Start of AVAILABLE DATA

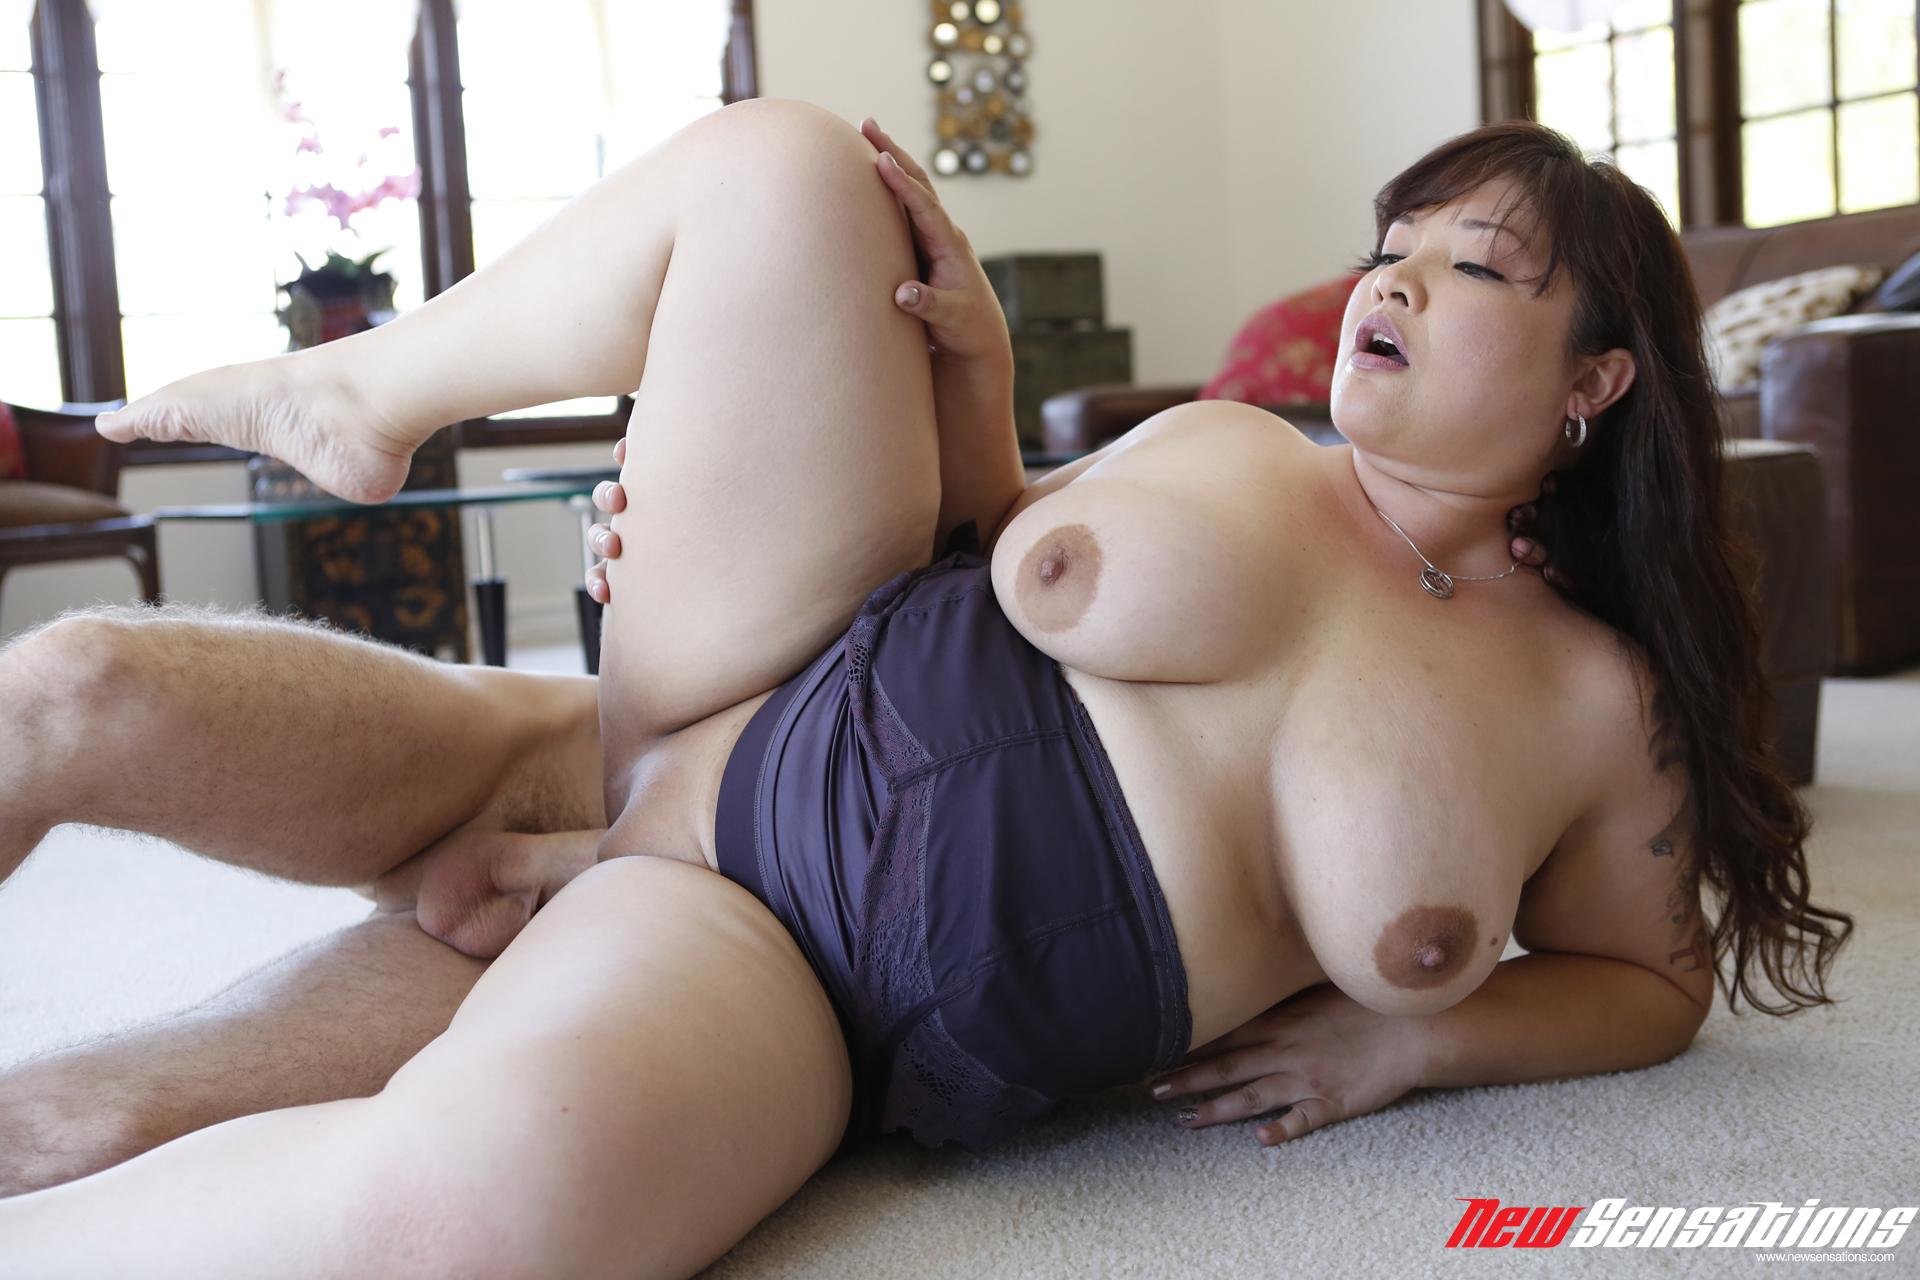 grudastie-yaponki-porno-onlayn
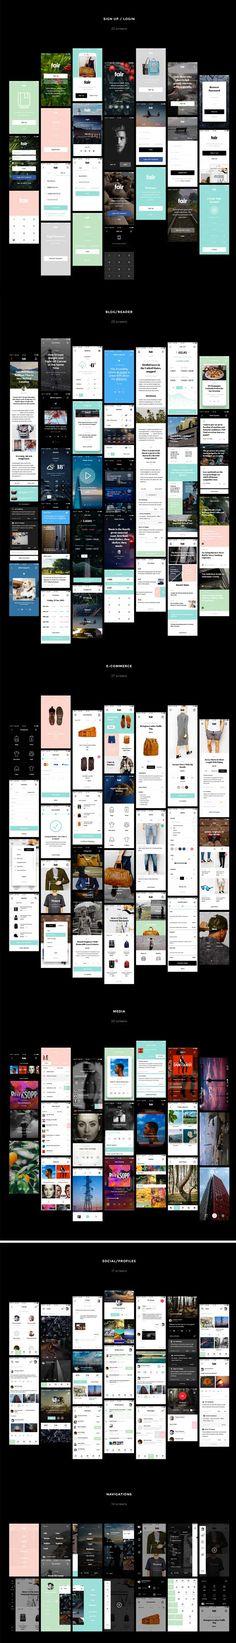 Free Fair Mobile UI Kit PSD Sketch Screens Preview
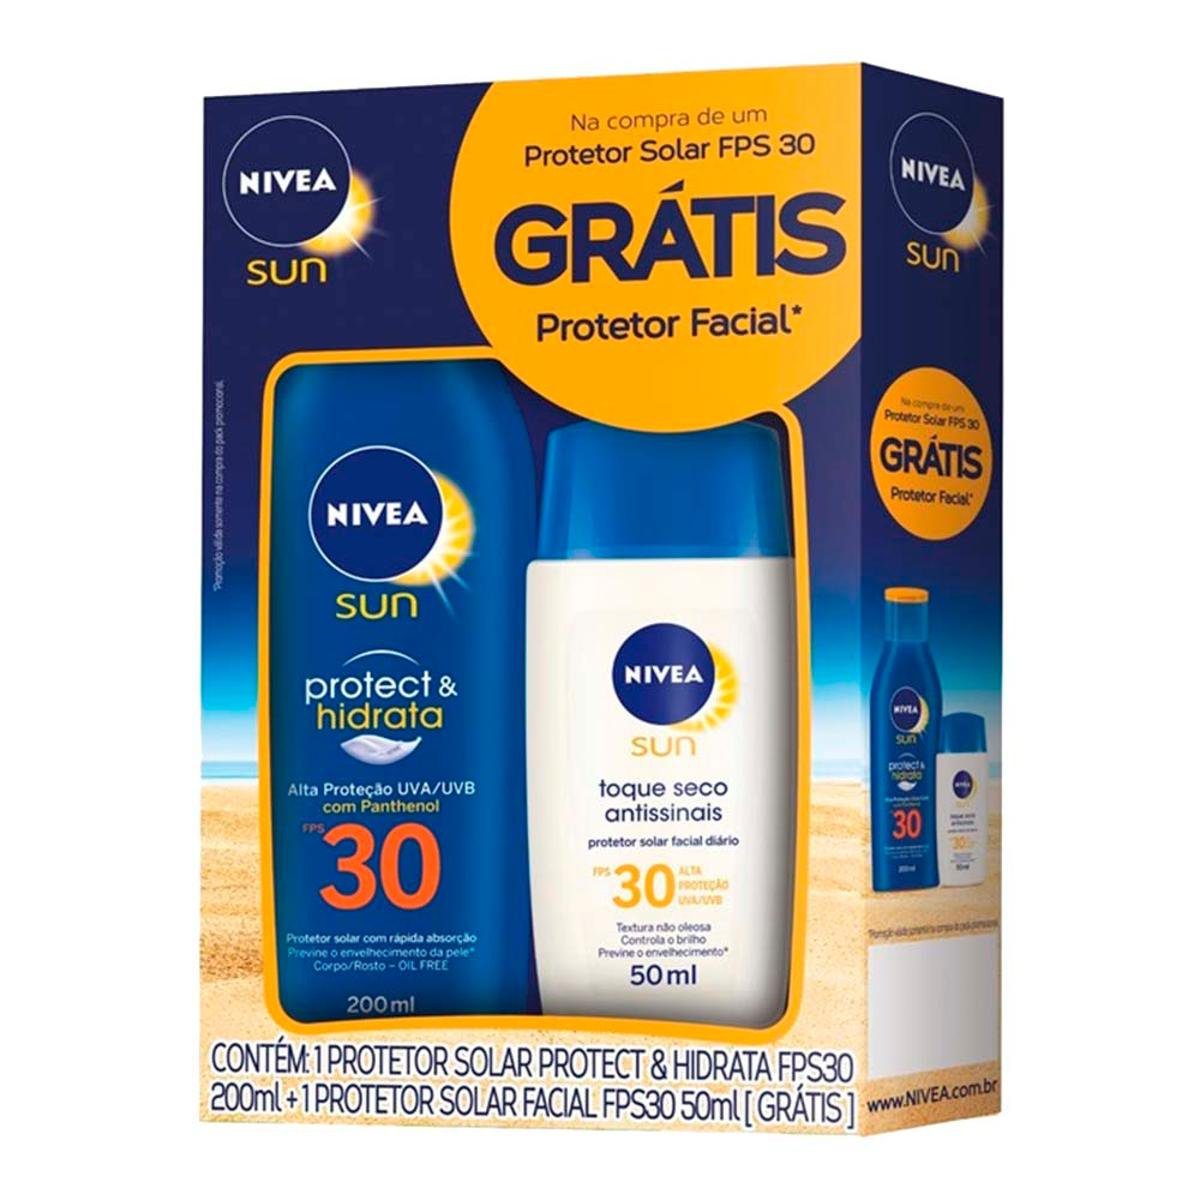 Kit Nivea Sun Protetor Solar Hidratante FPS 30 200ml + Facial FPS 30 50g - Compre  Agora  7a2bfe3870d1c
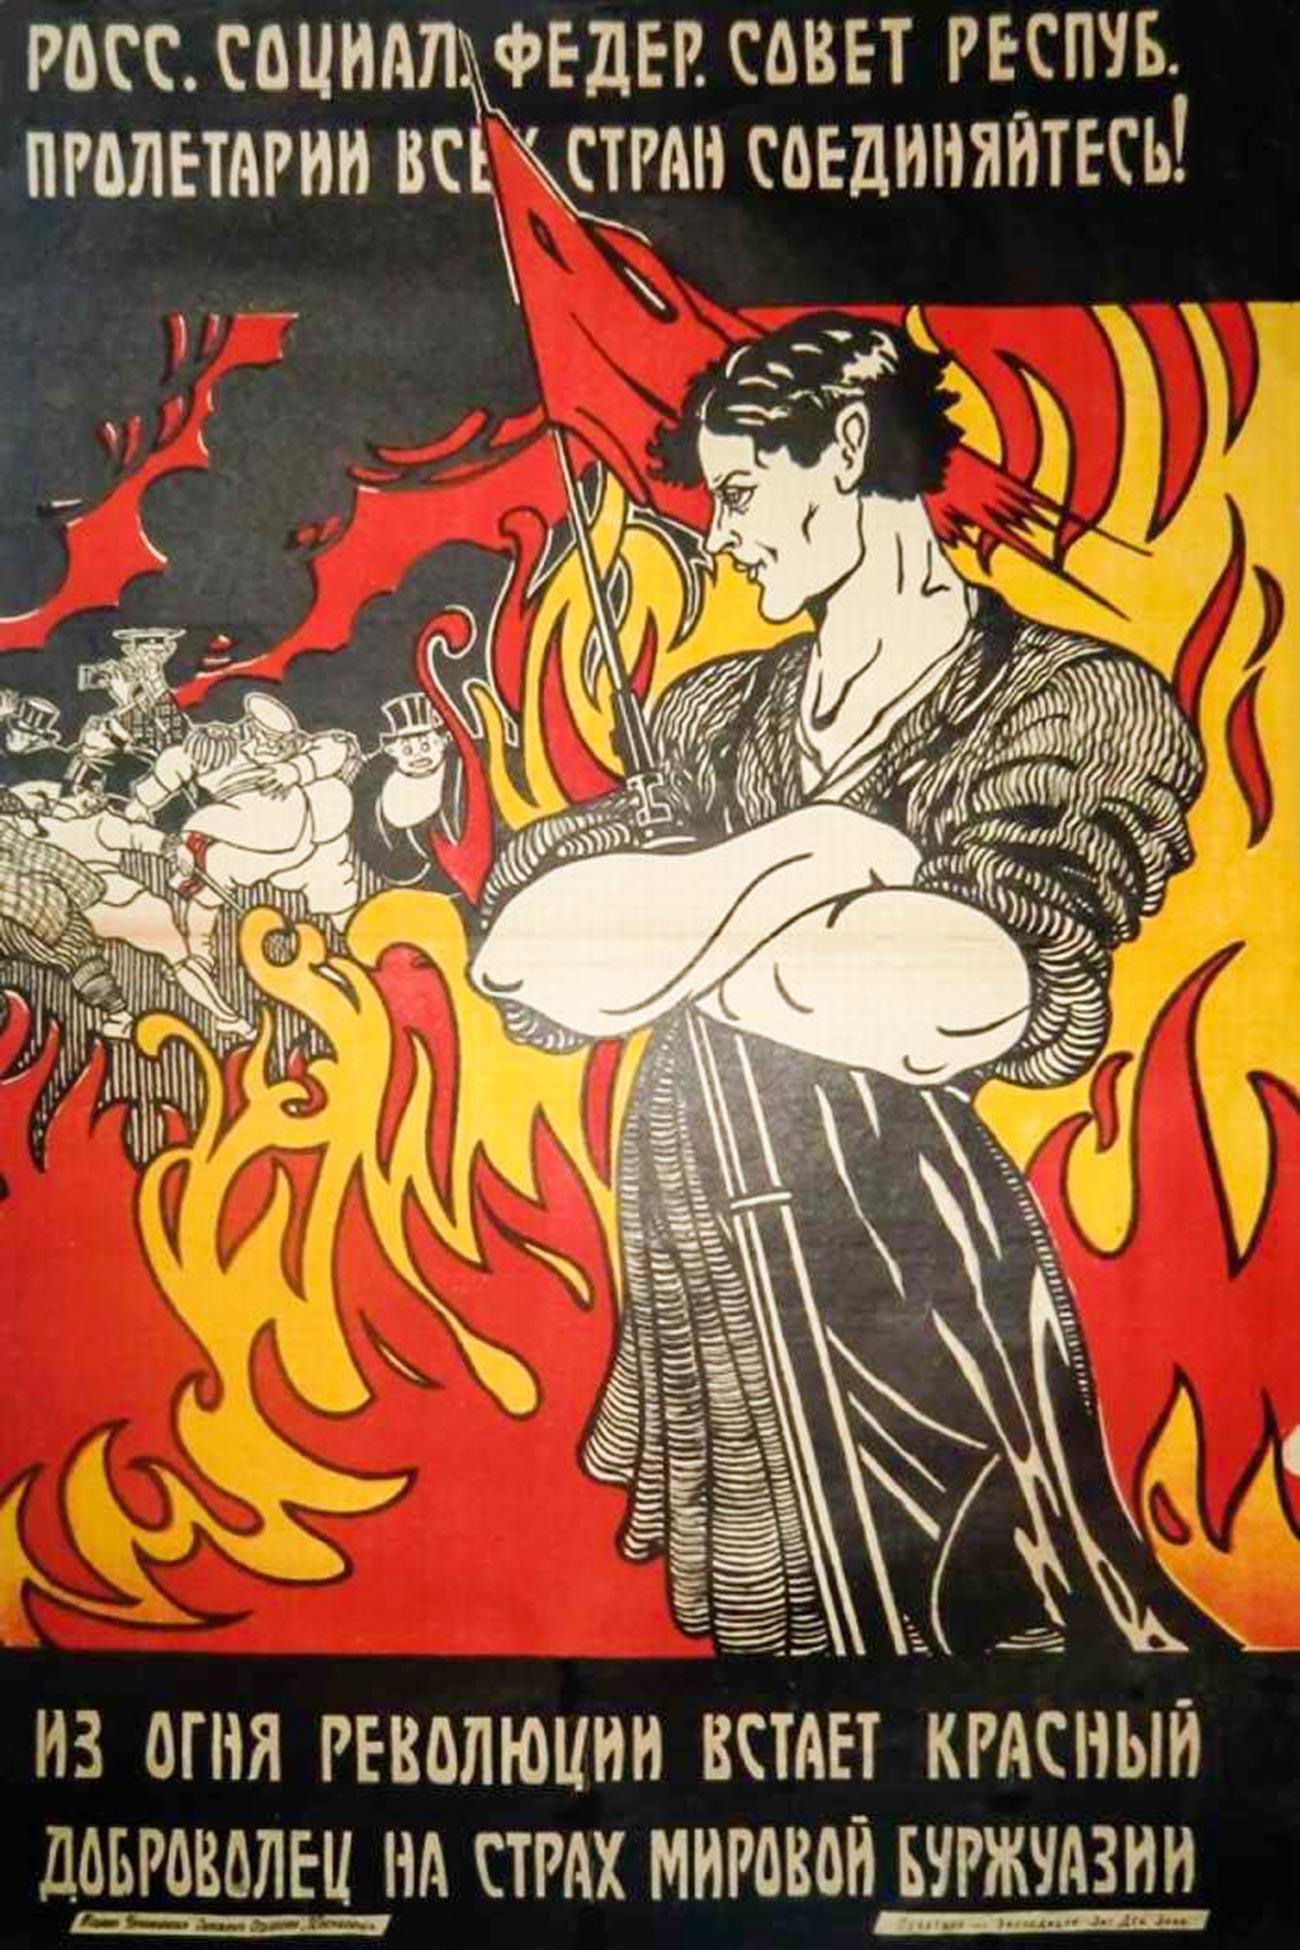 Republik Sosialis Federasi Soviet Rusia. Proletar dunia, bersatulah! Api revolusi akan melahirkan sukarelawan Merah, momok bagi borjuis global.
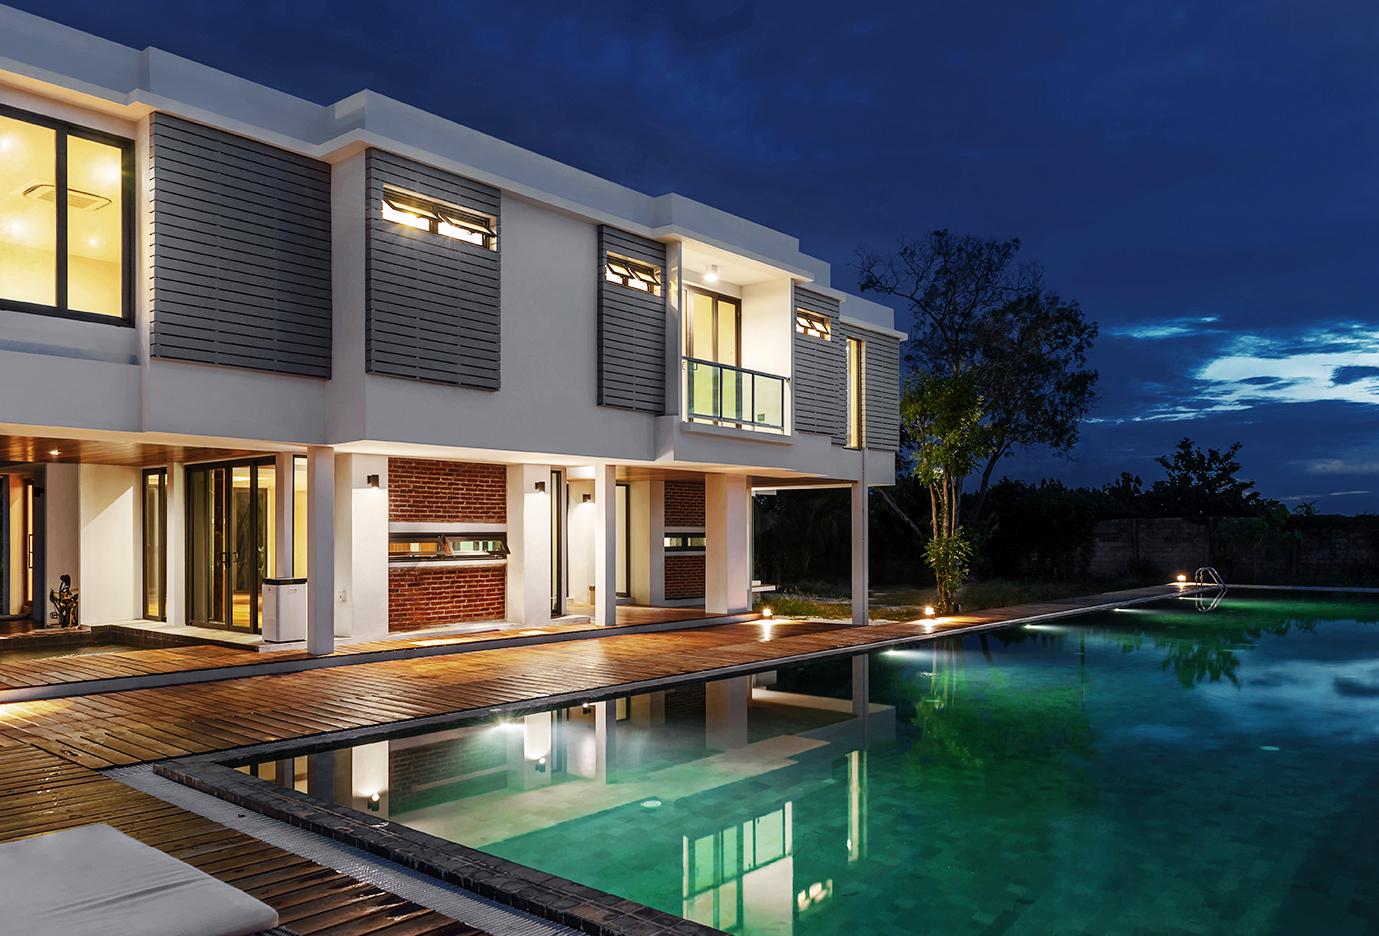 10design uthai residence house design modern architecture pattani thailand swimming pool 01

End of AVAILABLE DATA

TRY IT =
Exact copy, no pictures: please print the data above once more.

RESPONSE =
 grudastie-yaponki-porno-onlayn
 Free Fair Mobile UI Kit PSD Sketch Screens Preview
 Kit Nivea Sun Protetor Solar Hidratante FPS 30 200ml + Facial FPS 30 50g - Compre  Agora  7a2bfe3870d1c
 Republik Sosialis Federasi Soviet Rusia. Proletar dunia, bersatulah! Api revolusi akan melahirkan sukarelawan Merah, momok bagi borjuis global.
 10design uthai residence house design modern architecture pattani thailand swimming pool 01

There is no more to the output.